(Data shown):

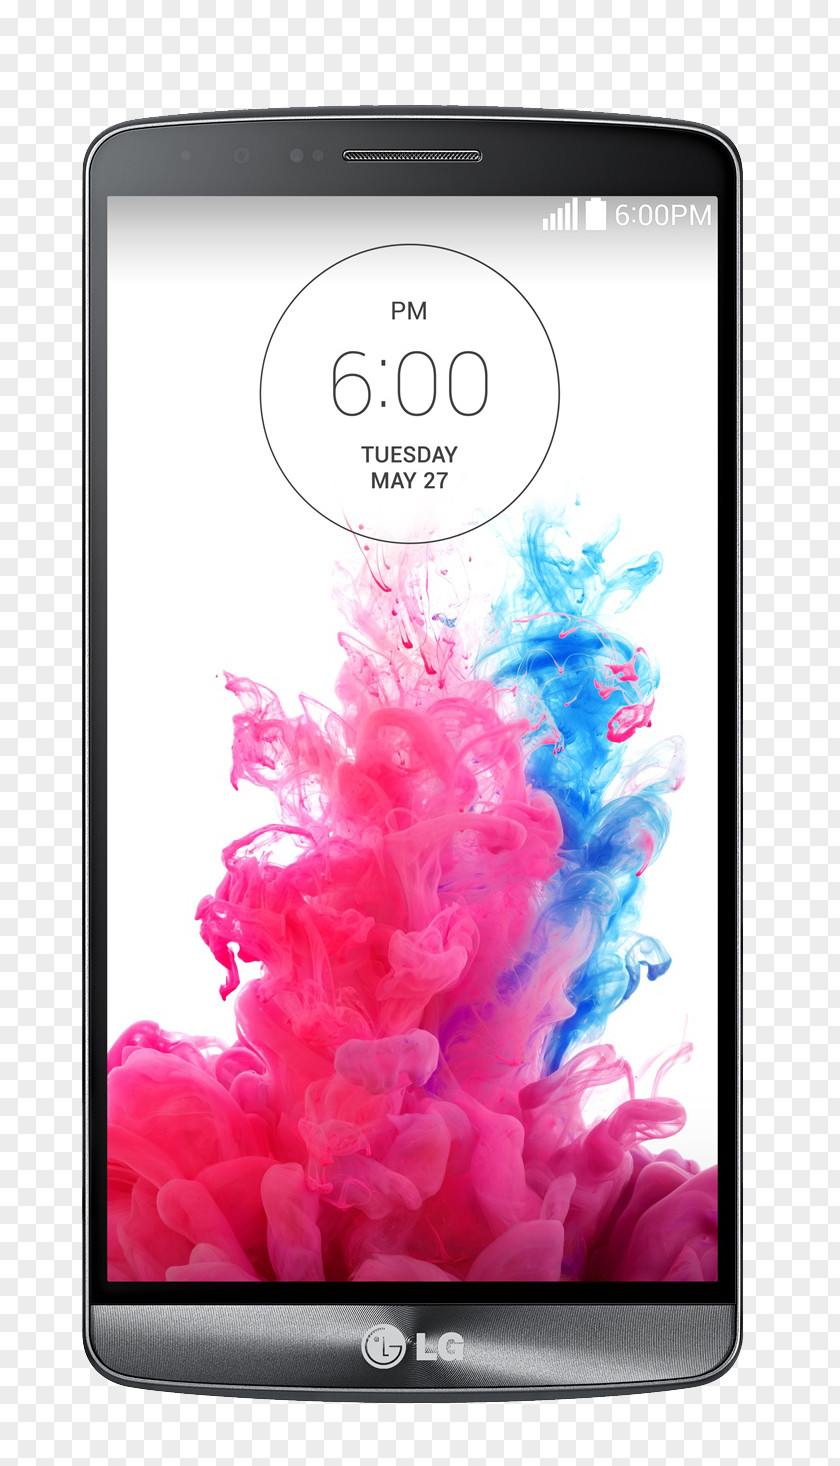 16 GBMetallic BlackUnlockedGSM Smartphone Android LG G3 D85516 GBSilk WhiteUnlockedGSMSmartphone Electronics D855 PNG
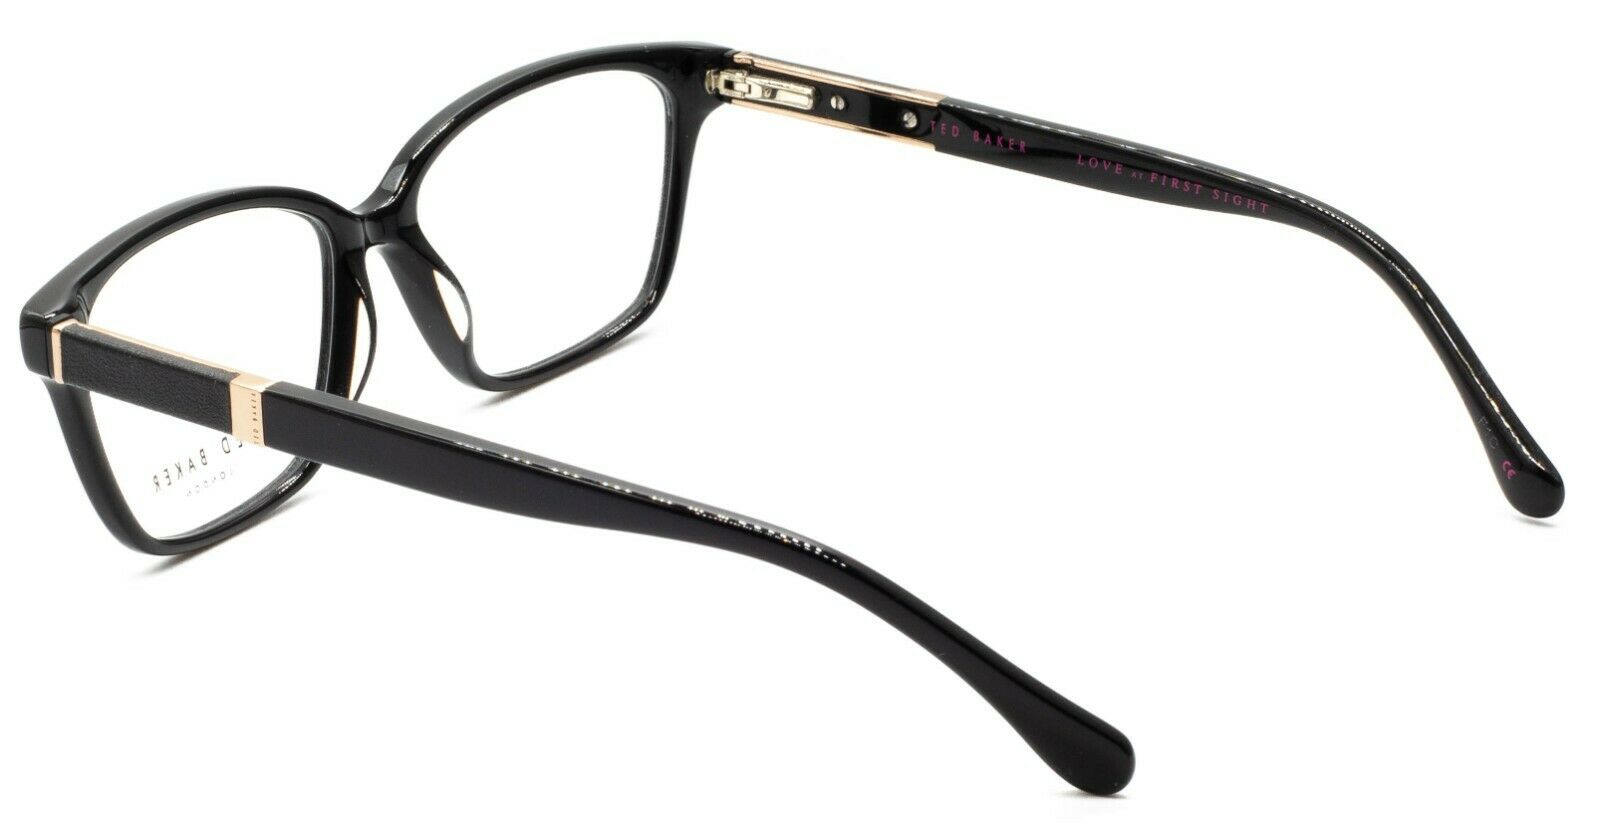 TED BAKER TB 9118 001 Dio 54mm Eyewear FRAMES Glasses Eyeglasses RX Optical -New
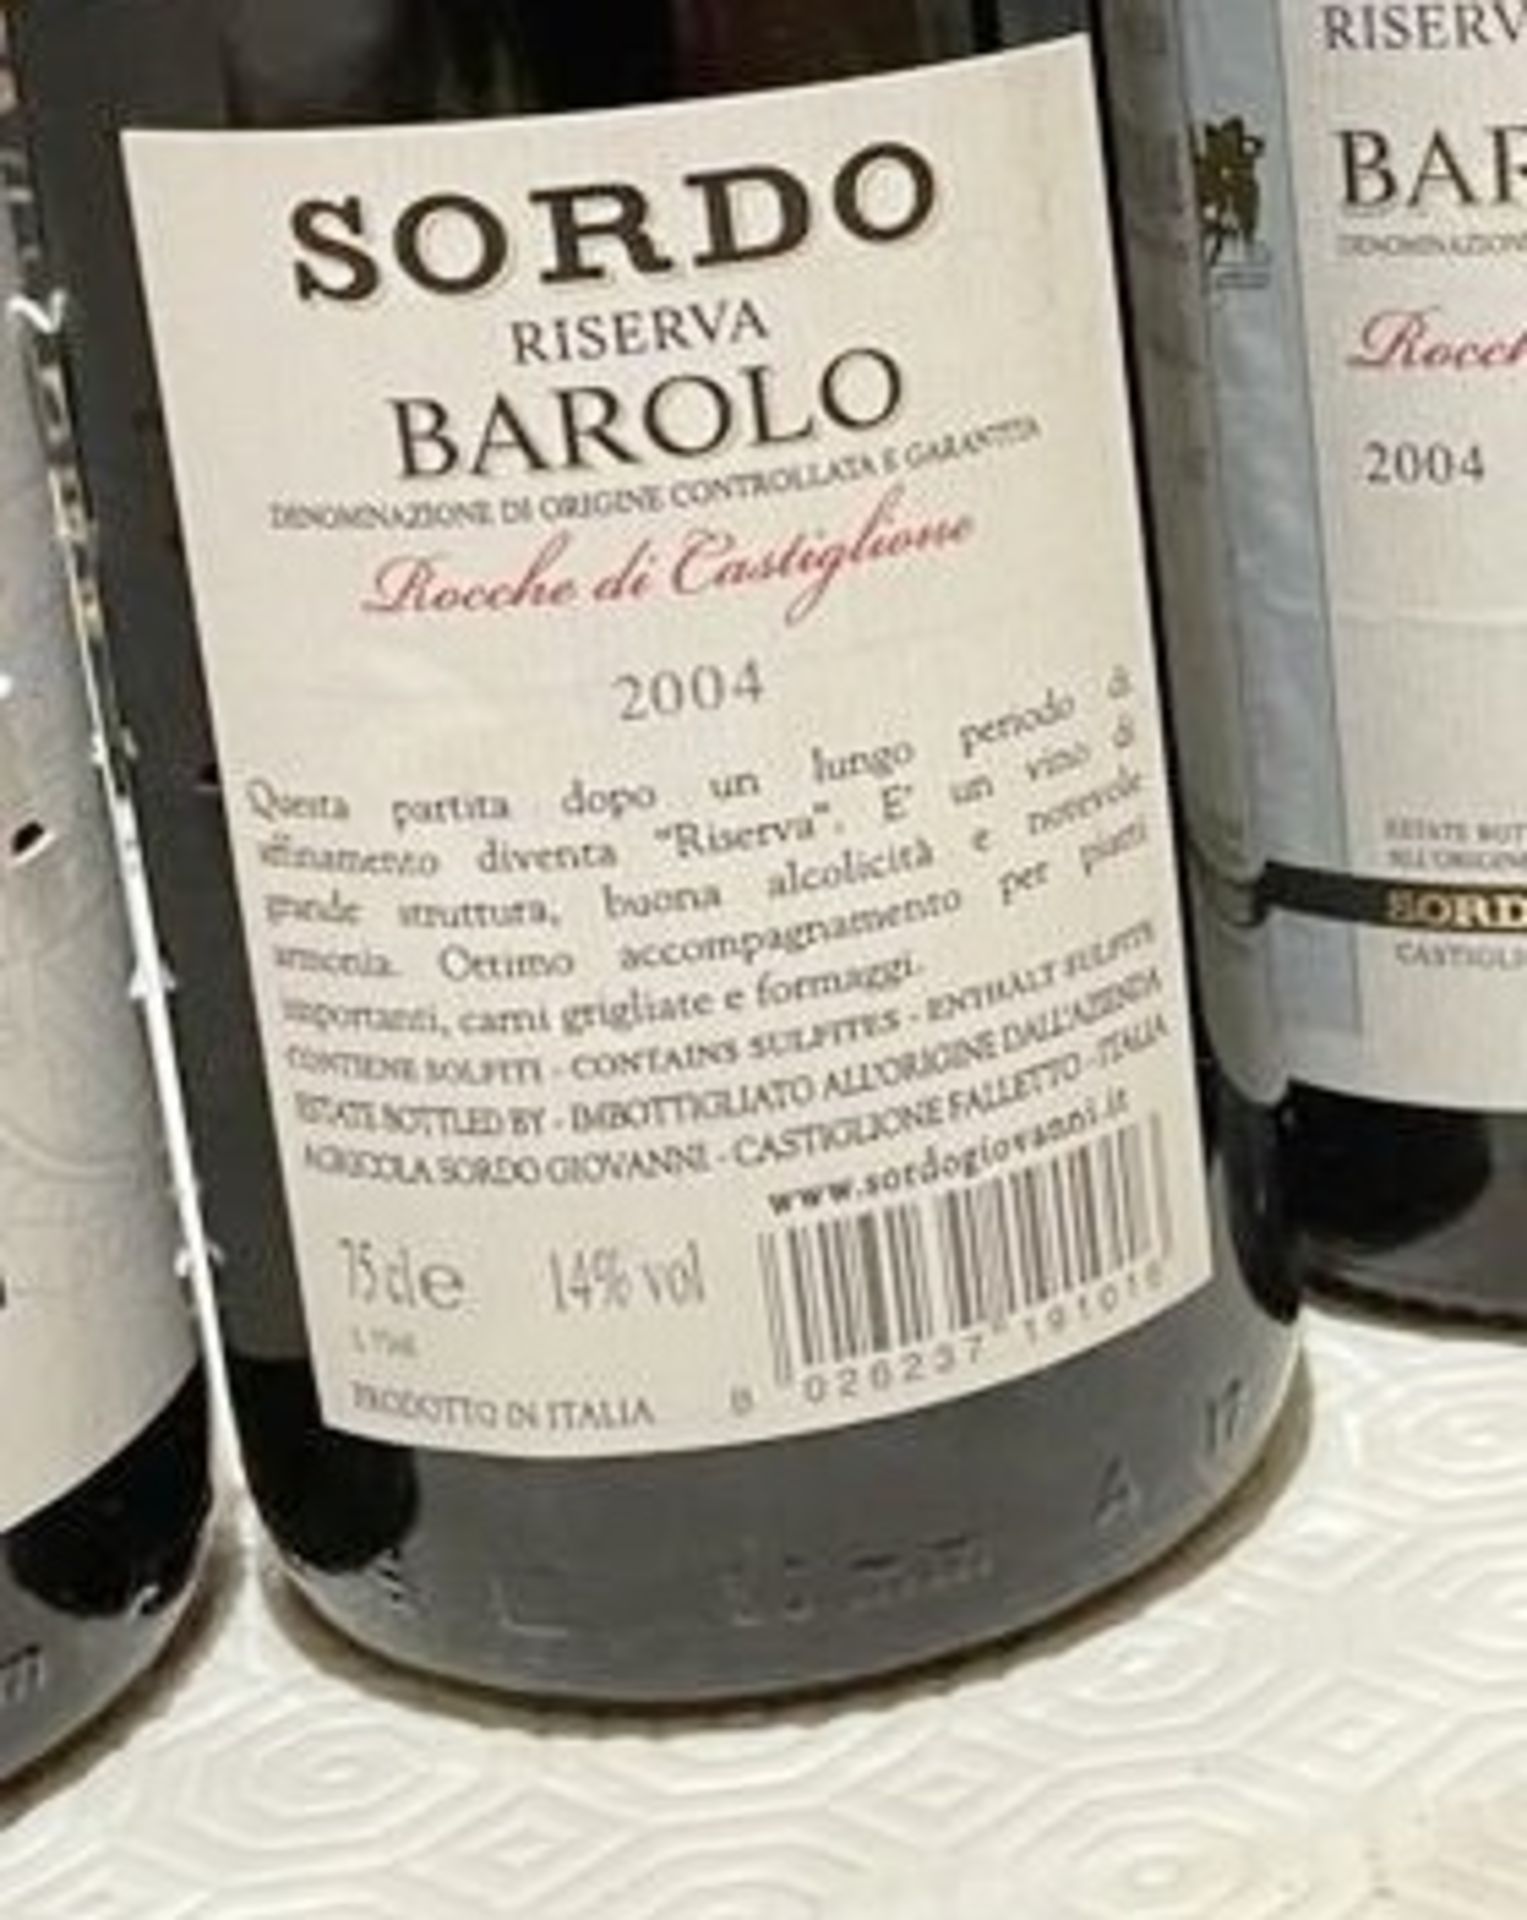 5 x Bottles Of SORDO BAROLO - 2004 - 75cl - New/Unopened Restaurant Stock - Ref: CAM548 - Image 3 of 3

(Exercise details):
Within the listing above, find the line containing "TED BAKER TB", then print it and every line after it exactly, leaving out pictures.

(Task response):
 TED BAKER TB 9118 001 Dio 54mm Eyewear FRAMES Glasses Eyeglasses RX Optical -New
 5 x Bottles Of SORDO BAROLO - 2004 - 75cl - New/Unopened Restaurant Stock - Ref: CAM548 - Image 3 of 3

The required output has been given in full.